Cunha e Esposito são a velha guarda – e o cerne – do Setor de Preservação e Memória do Teatro Guaíra. Recentemente, quatro estudantes do curso de Gestão da Informação, da UFPR, deram início a uma operação "pente fino", com o objetivo de organizar e, por fim, digitalizar todo o arquivo. "Abro uma caixa e viajo. Fora o que a gente aprende com esses dois", diz Marcos Vinícius Vieira, de 18 anos. Os estagiários adoram quando Cunha, com cabelos brancos e arrepiados, mostra a língua, imitando Albert Einstein, um de seus trabalhos mais recentes como ator.

Publicidade

Insubstituíveis

Sem o trabalho de outra dupla dinâmica, os espetáculos do Teatro Guaíra não teriam o mesmo brilho. Terezinha de Lourdes Pereira, a Neca, e Sueli do Rocio Carbonara são as costureiras oficiais. Se o espetáculo é grande, como é o caso de O Quebra-Nozes, com mais de 50 bailarinos, elas contam com o apoio de uma equipe terceirizada. Mas, o dueto é insubstituível. "Uma costureira comum não sabe interpretar os desenhos", conta Sueli. A experiência de mais de 20 anos como especialistas em figurinos para espetáculos dá passe livre para que elas palpitem à vontade. "Os figurinistas geralmente aceitam nossas sugestões porque sabemos o que fica melhor em cada bailarino", diz Sueli.

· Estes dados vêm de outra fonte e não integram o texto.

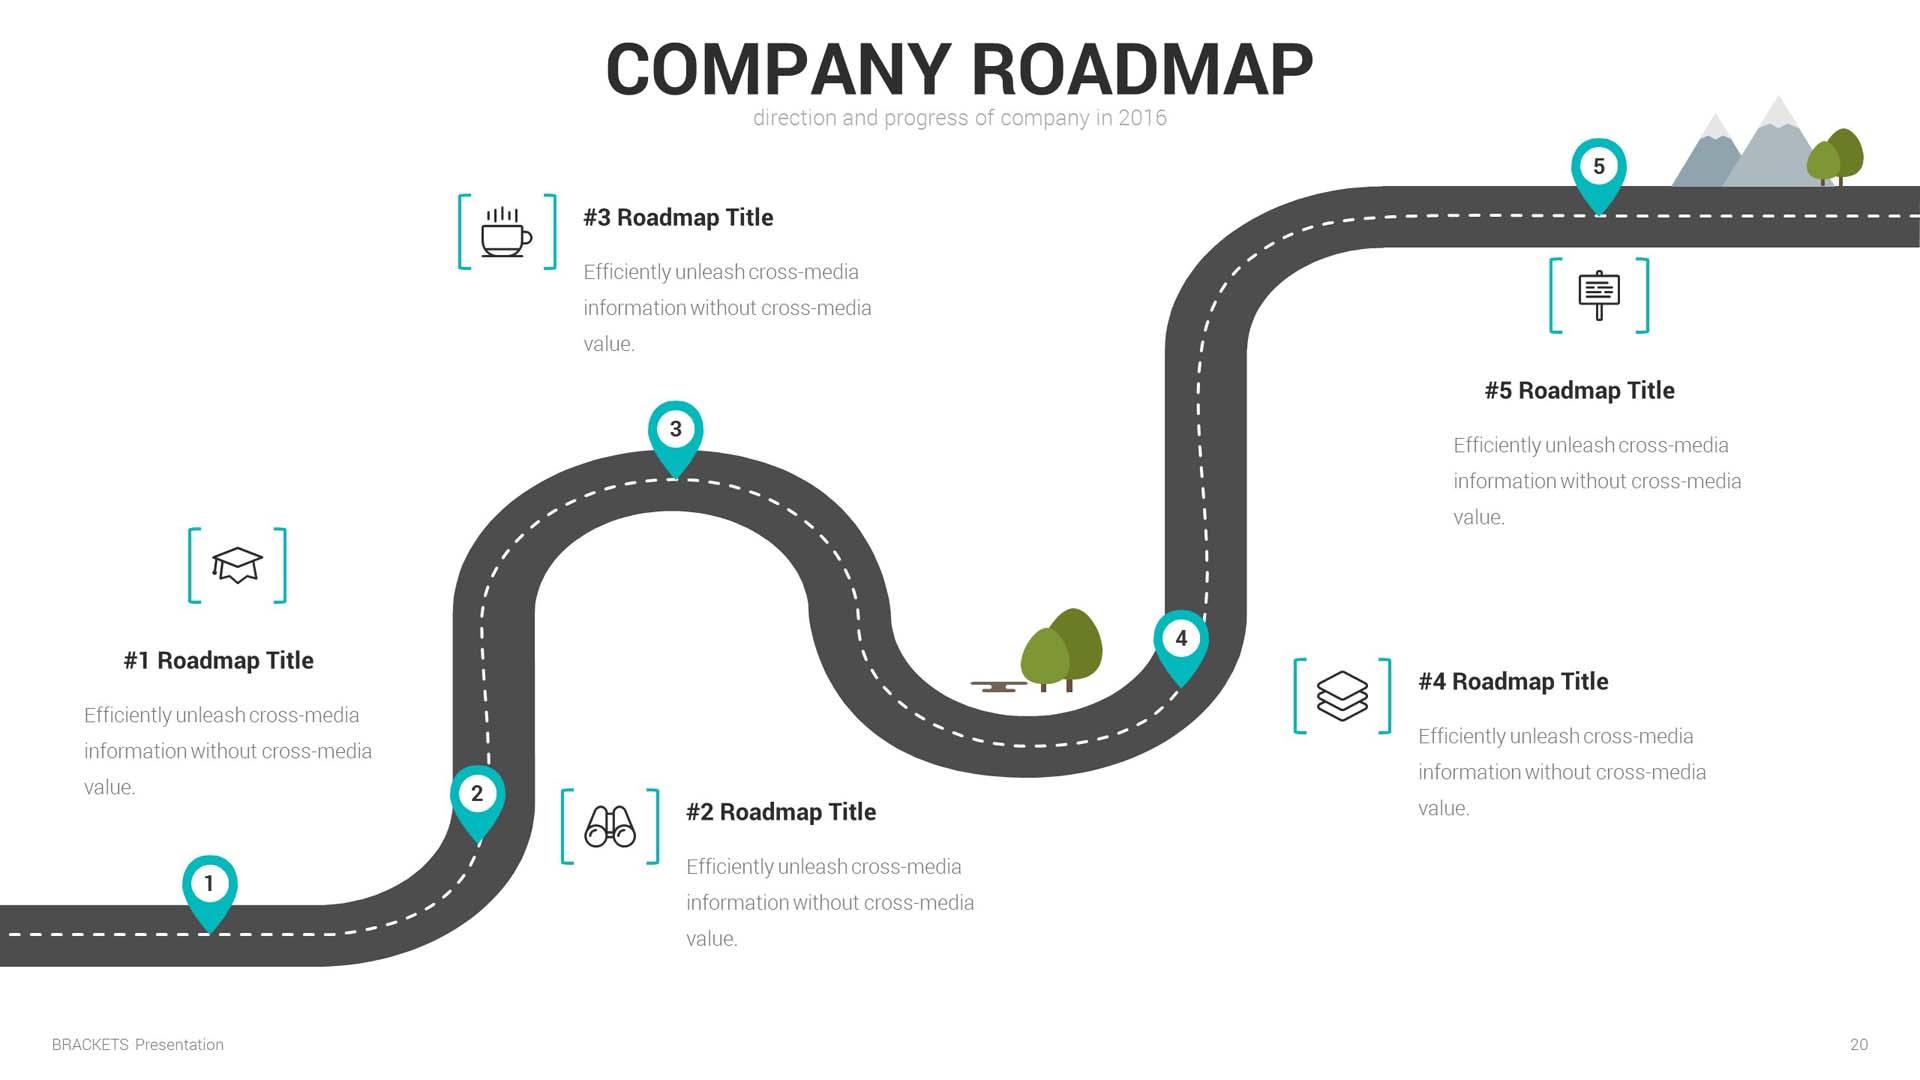 Brackets Multipurpose Keynote Template By Aumlette GraphicRiver - Keynote roadmap template
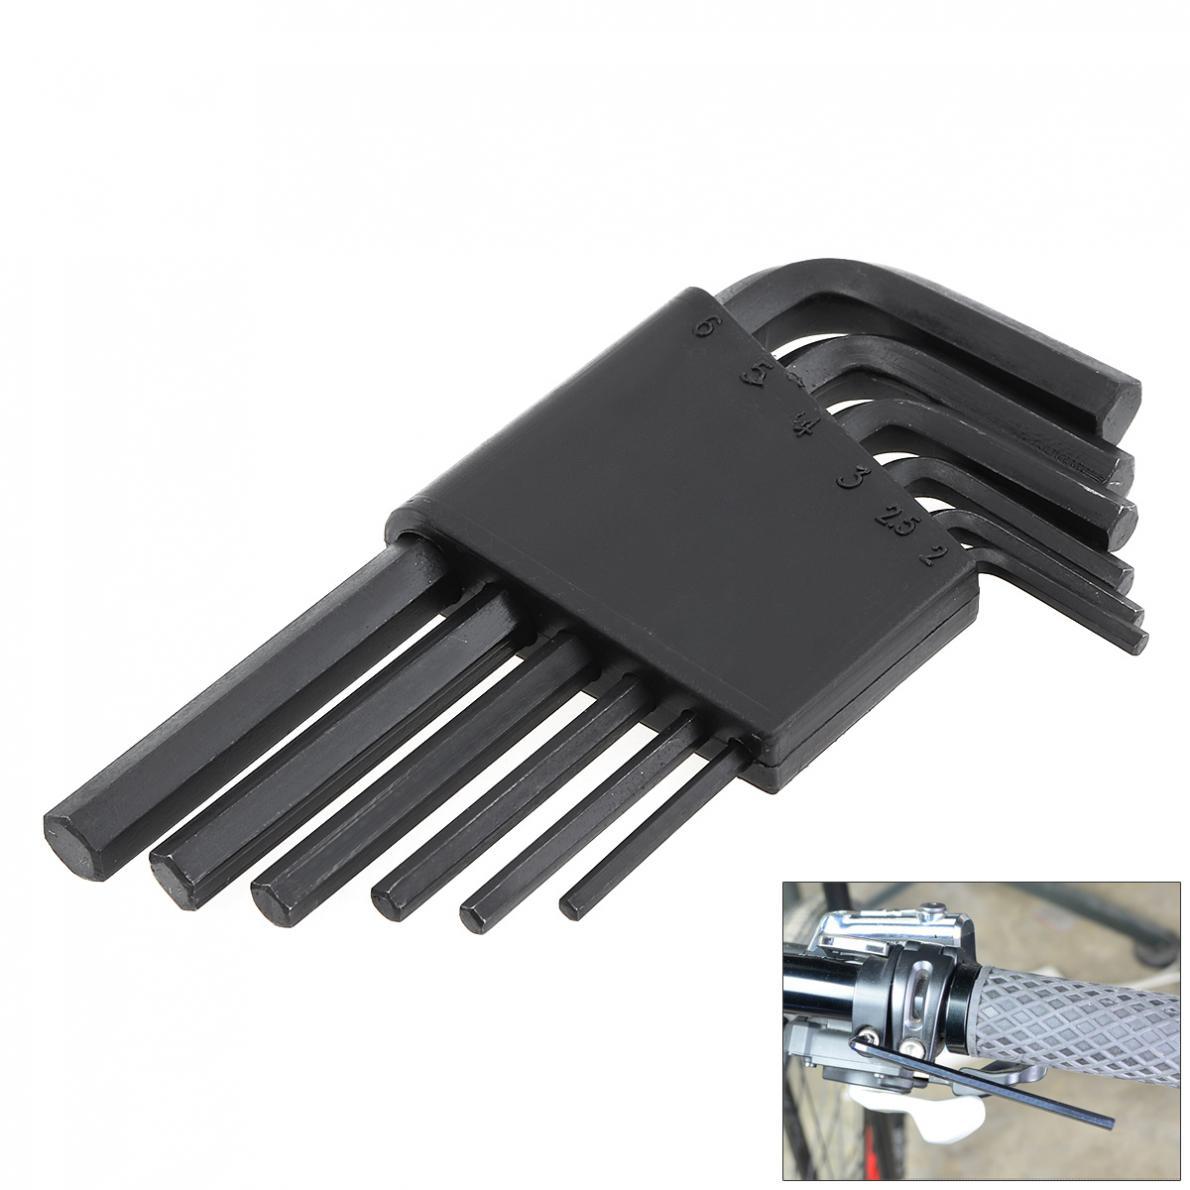 Hex Allen Key Kit Wrench Set Steel Spanner Black Bike Reparing Tool Set

As duas já passaram por poucas e boas para dar conta de todo o figurino. "Uma vez, tivemos que terminar as roupas para o primeiro e o segundo ato com o espetáculo acontecendo", lembram. Mas, o resultado da jornada extensa de trabalho, que às vezes chega a 16 horas, compensa. "É gratificante saber que aquelas roupas foram feitas pela gente", conta Sueli.

O carinho dos artistas pelas duas é tão grande que já foram convidadas para ser figurantes de um espetáculo. Não precisaram dançar, mas andaram pelo palco. A família, lógico, não perdeu a oportunidade de vê-las às luzes da ribalta.

Sueli tem 57 anos, Neca 61. Em breve, pretendem se aposentar. E quem irá substituí-las? "Ninguém quer aprender. Além disso, ainda não houve interesse em formar alguém para ficar no nosso lugar", conta Sueli.